I don't know where the next new large scale source of previously unaccounted value is going to come from. Natural resources are mostly accounted for, and are an example and from the past. A more recent and, I think, still evolving creation of hitherto unassigned wealth is the monetization of information - things like selling mailing on a small scale, and the rise of the concept of intellectual property on a larger scale including attempts to patent the genetic structure of naturally occurring organisms - is a recent example of value being appropriated/claimed from something that was previously not an explicit source of it.

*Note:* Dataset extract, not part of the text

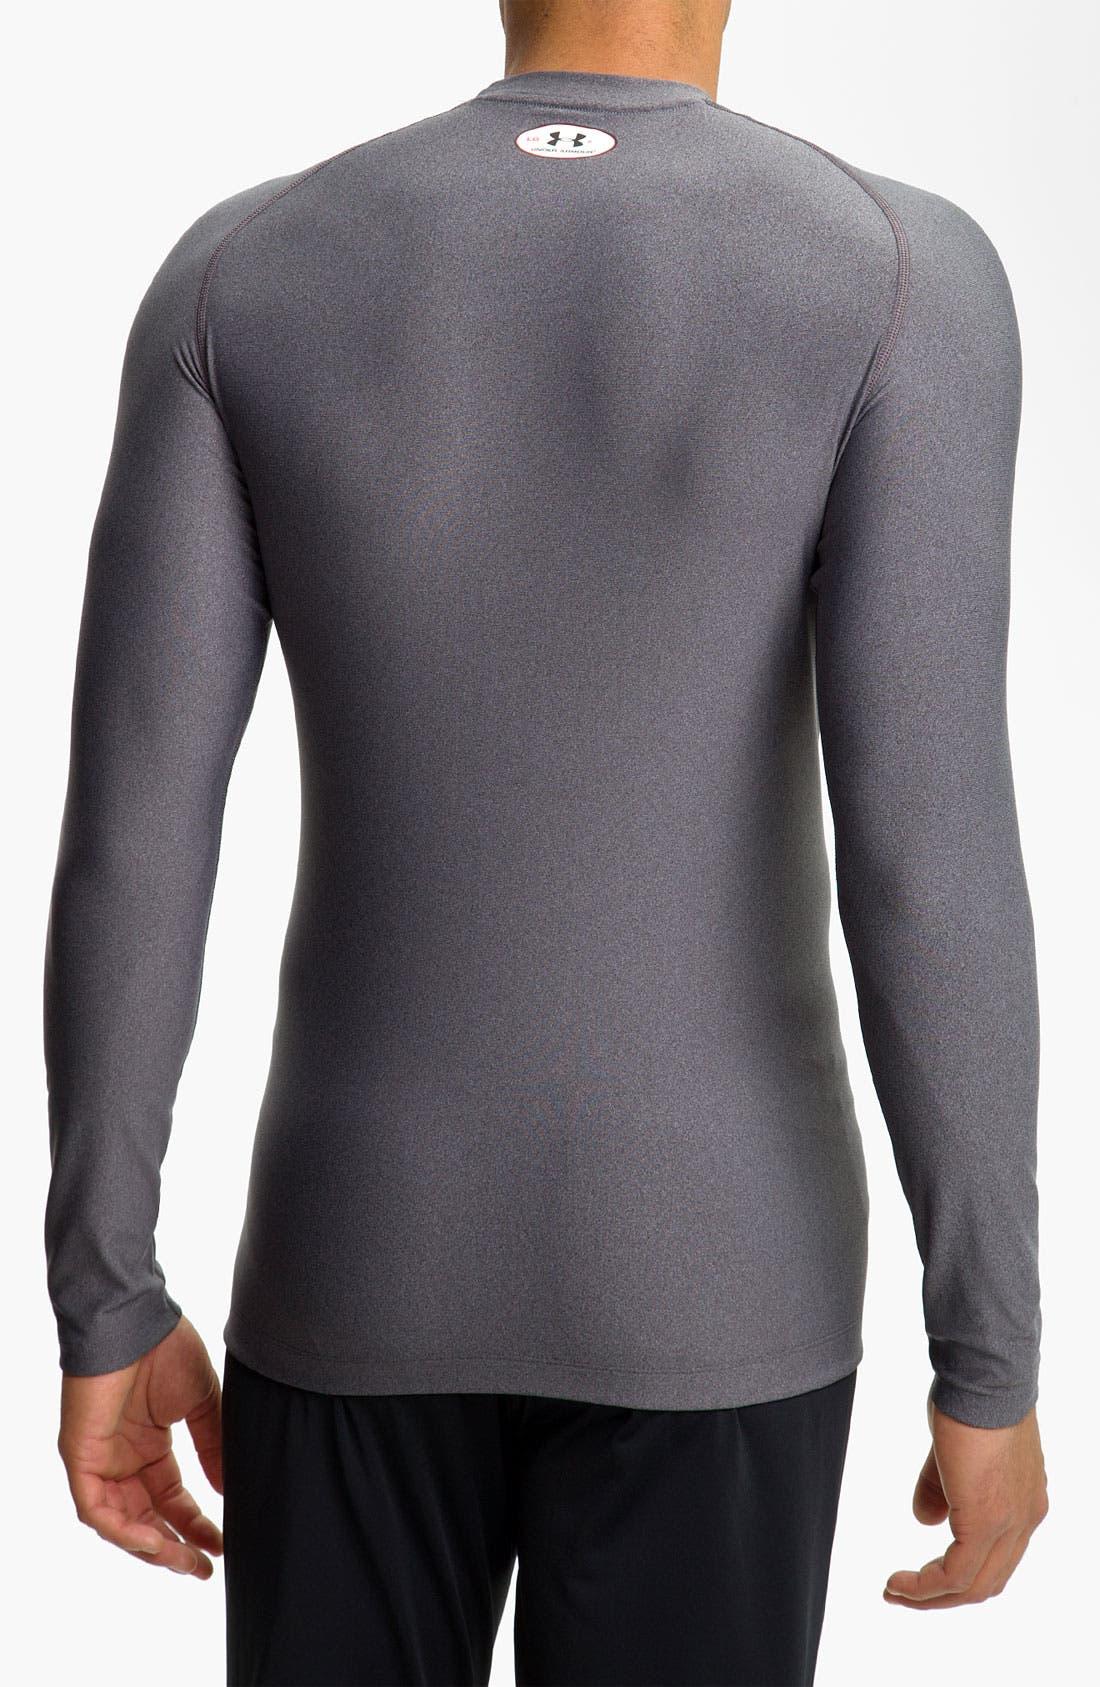 Alternate Image 2  - Under Armour 'Evo' ColdGear® Compression T-Shirt (Online Exclusive)

And Piketty's point (or more likely one of his points) is, I believe, that Capital tends to gain (appropriate/ claim) a larger share of new value as it's "brought on-line". It was the various East Asia Companies and their ilk who gained the most from the age of exploration; it's the various corporations with their patents and copyrights and lawyers who gain the most value from information and knowledge becoming ownable and explicitly part of the economy.

What's the next big source of value? I don't know; if I did we - as a society - would already be in the process of appropriating it (with the largest share going to Capital, if Piketty is right).